◆ WHAT YOU ARE ASKED TO DO
Reproduce the listing in its entirety. Do not reproduce the pictures.
*** DATA EXCERPT Section Begins ***
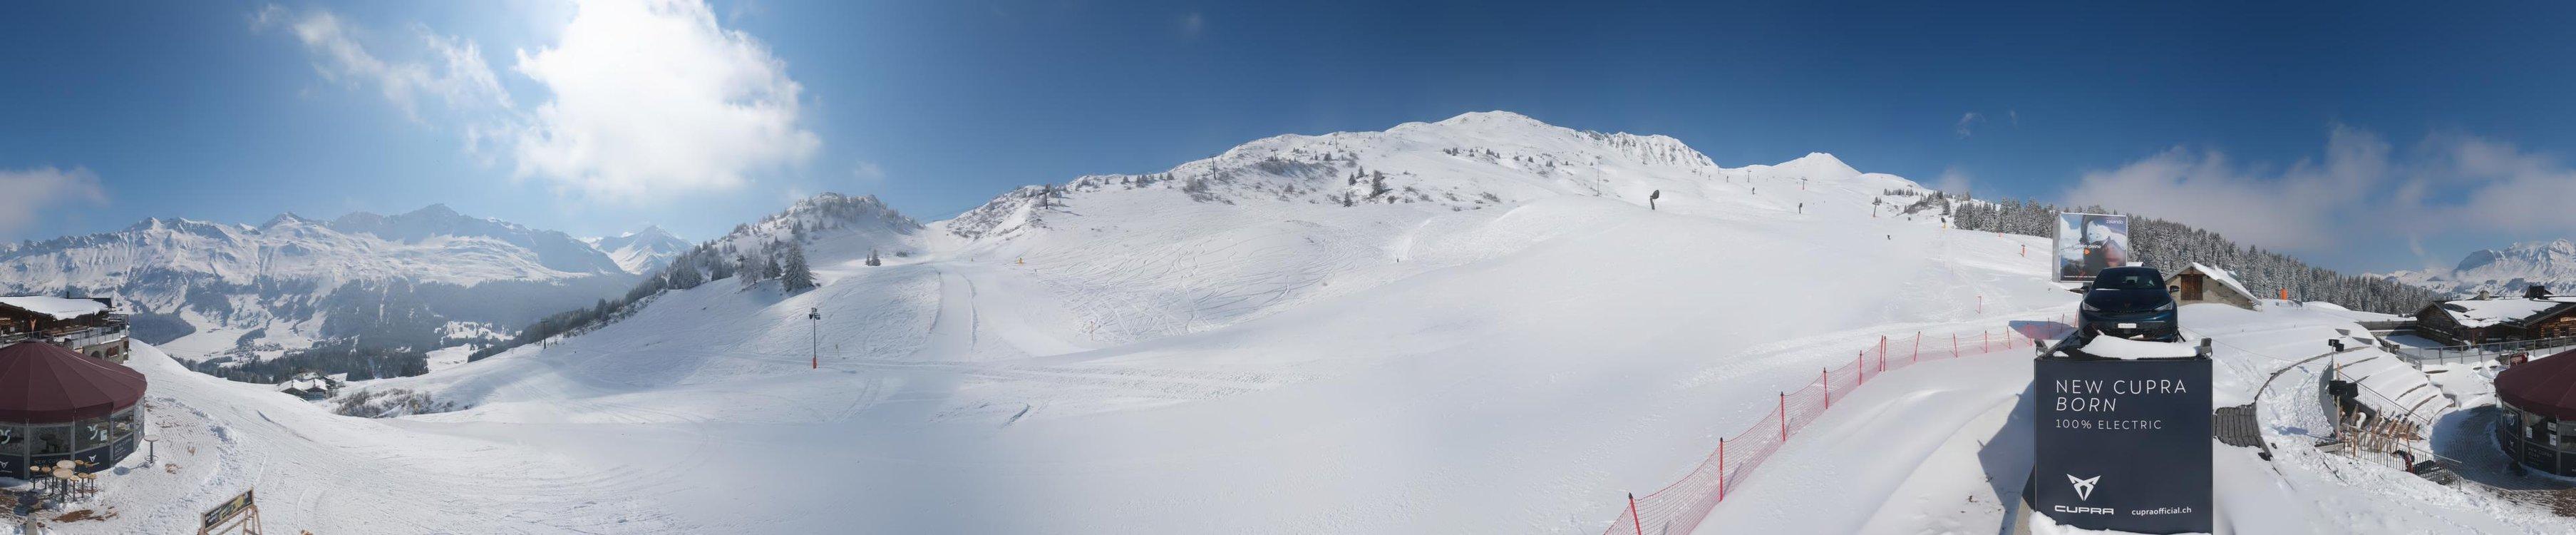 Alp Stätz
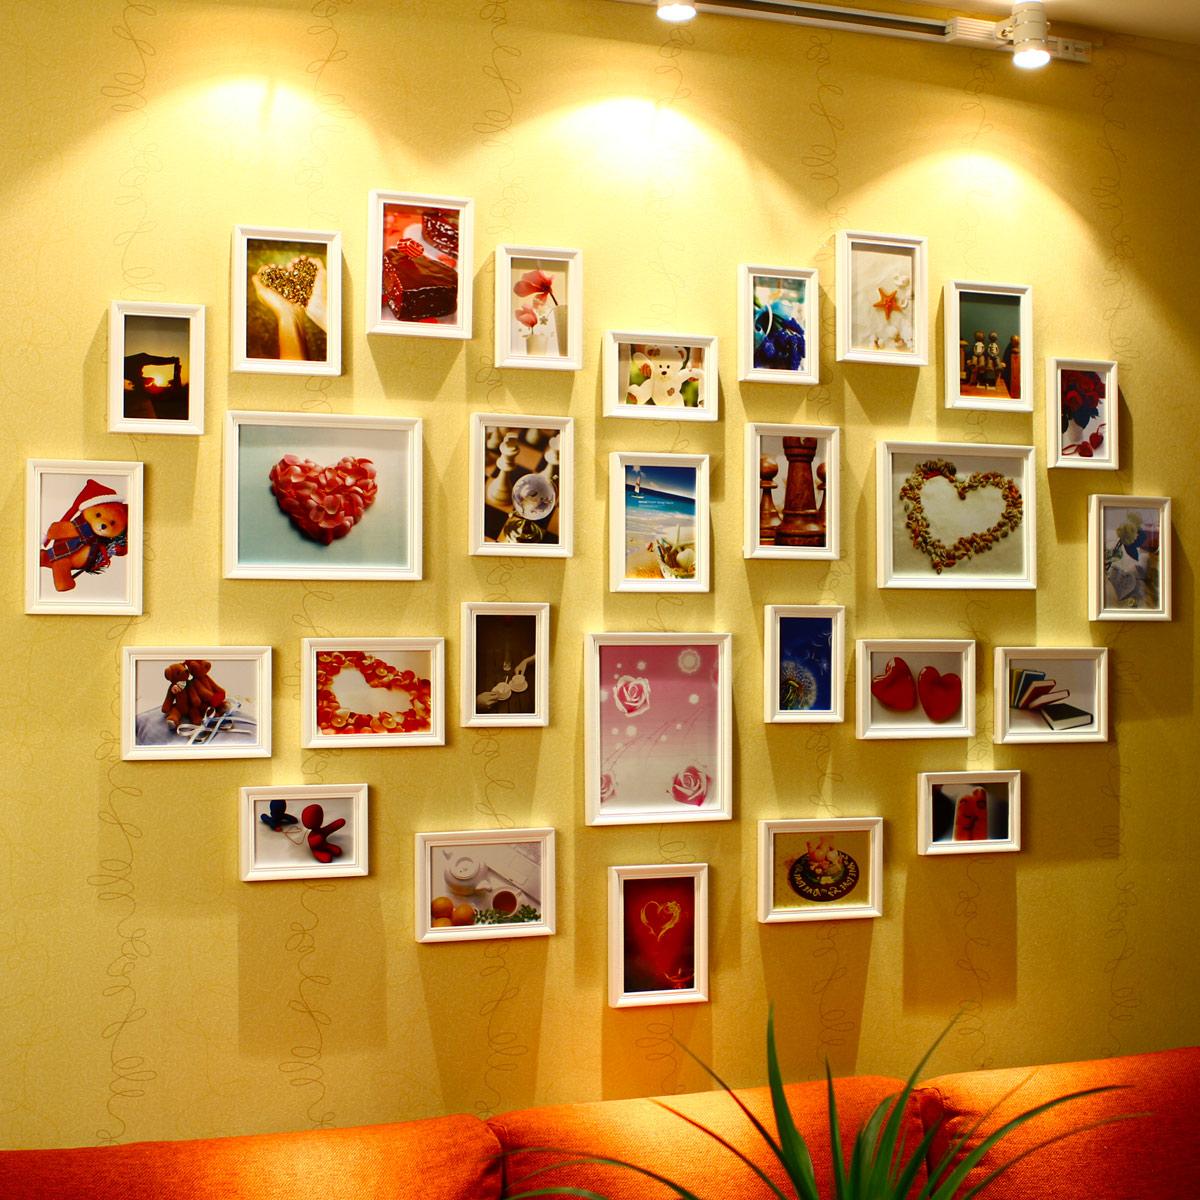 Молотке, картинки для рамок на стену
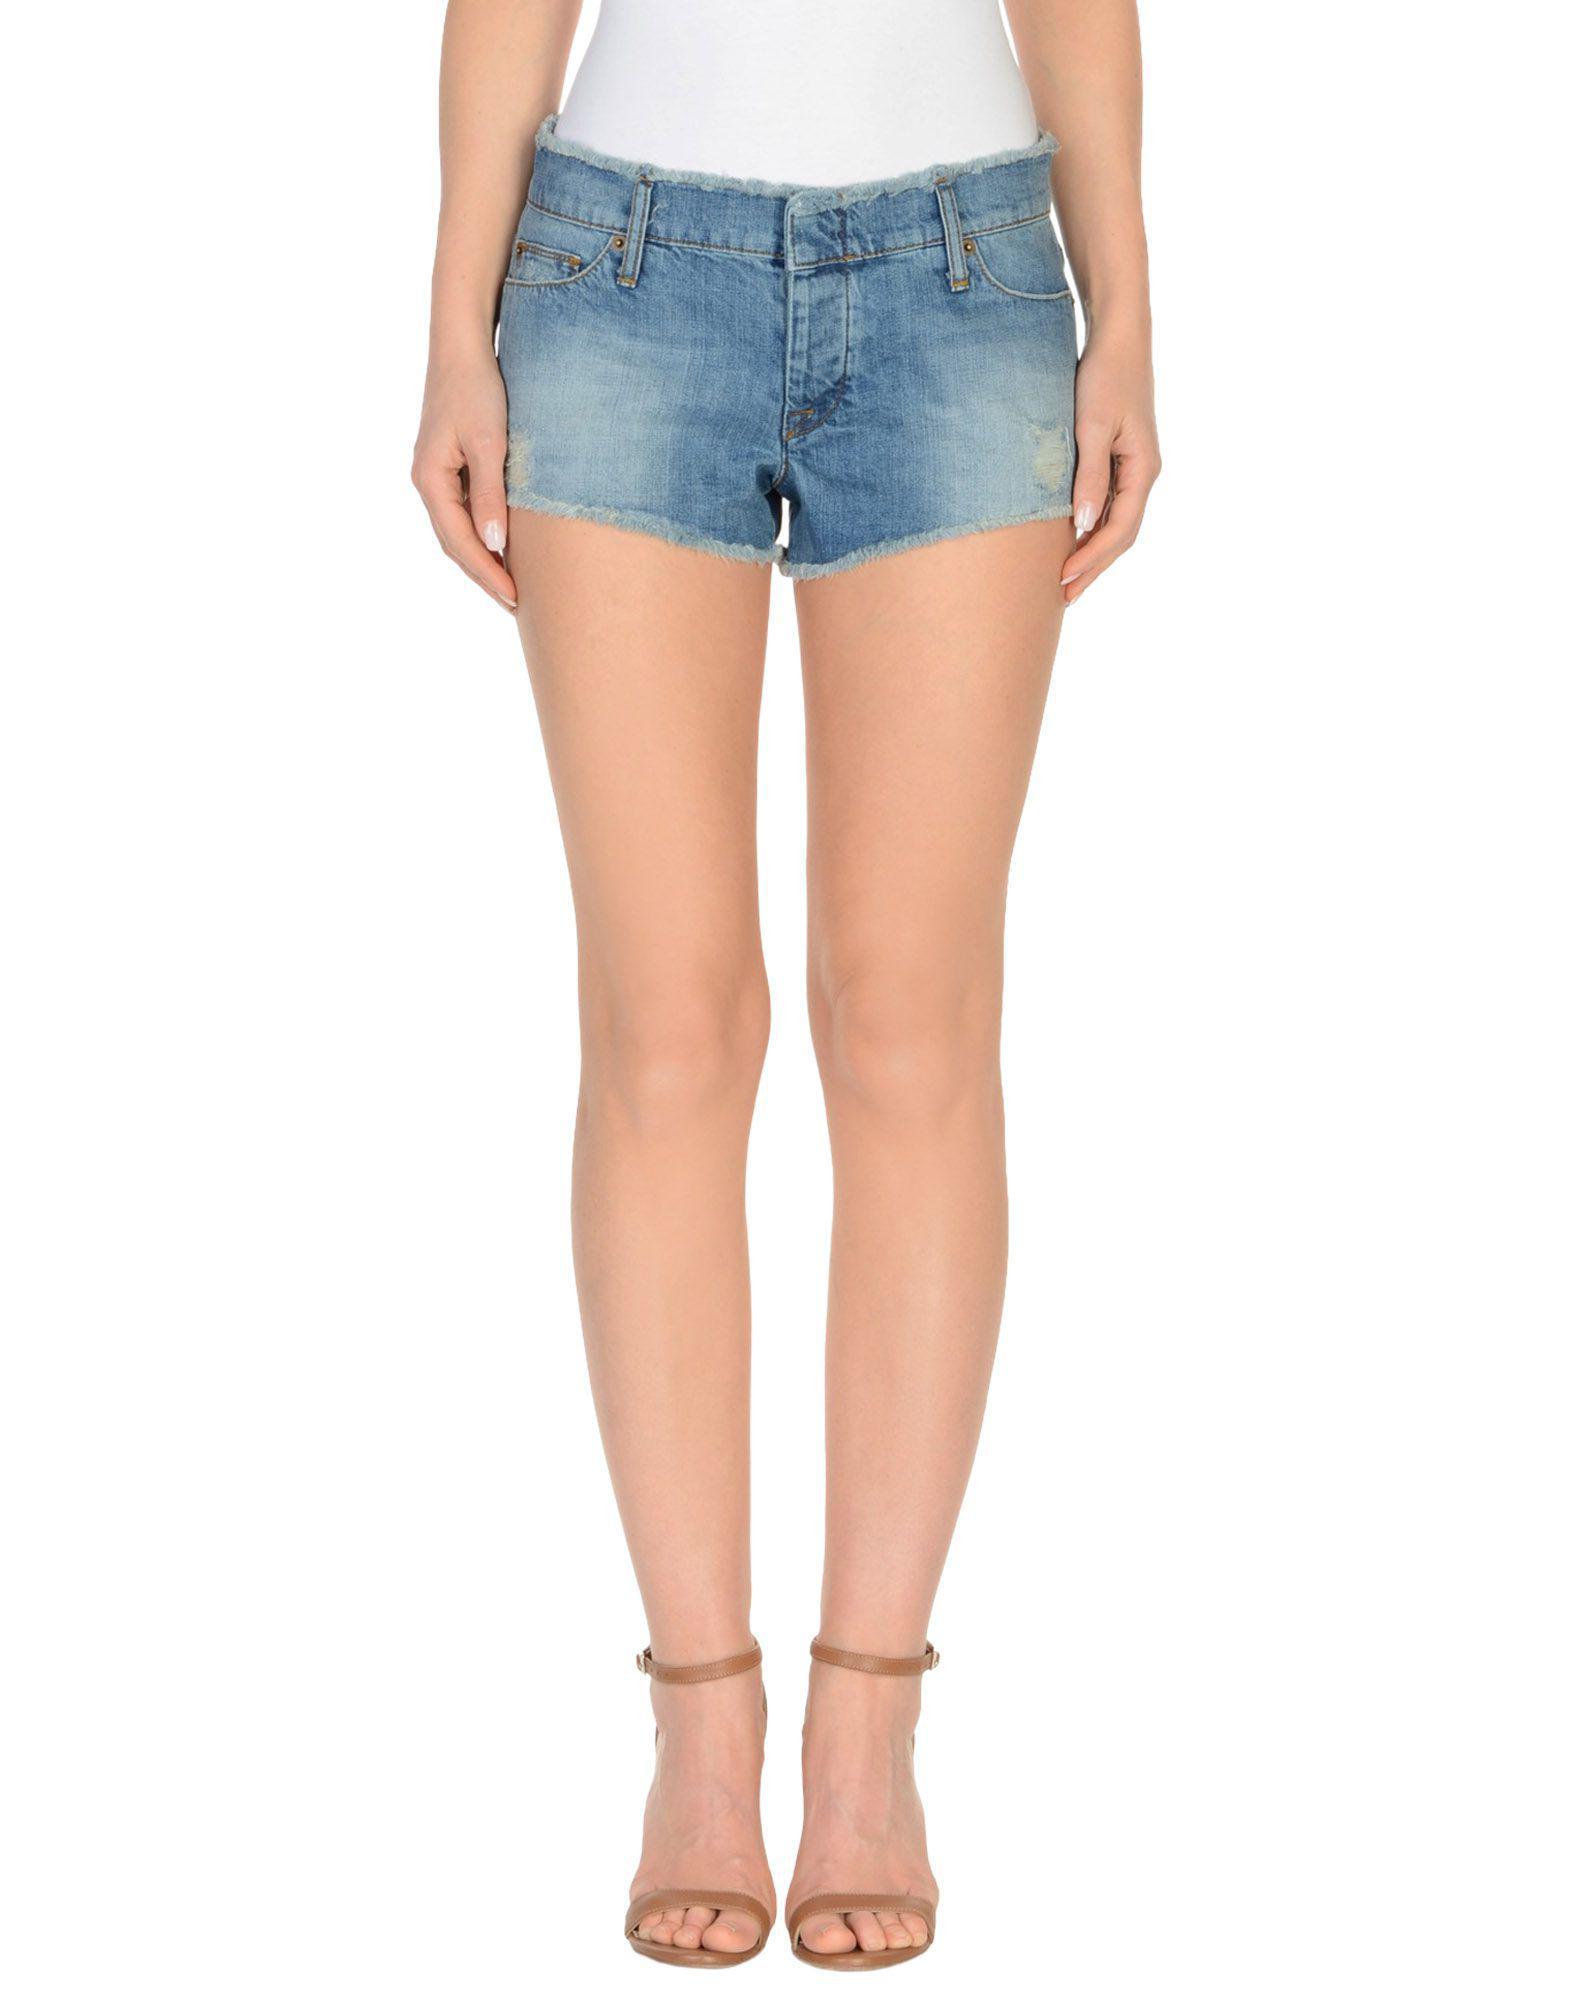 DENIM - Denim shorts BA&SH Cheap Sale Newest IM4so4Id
*** DATA EXCERPT Section Ends ***
◆ TASK OUTPUT
 Alp Stätz
 Молотке, картинки для рамок на стену
 DENIM - Denim shorts BA&SH Cheap Sale Newest IM4so4Id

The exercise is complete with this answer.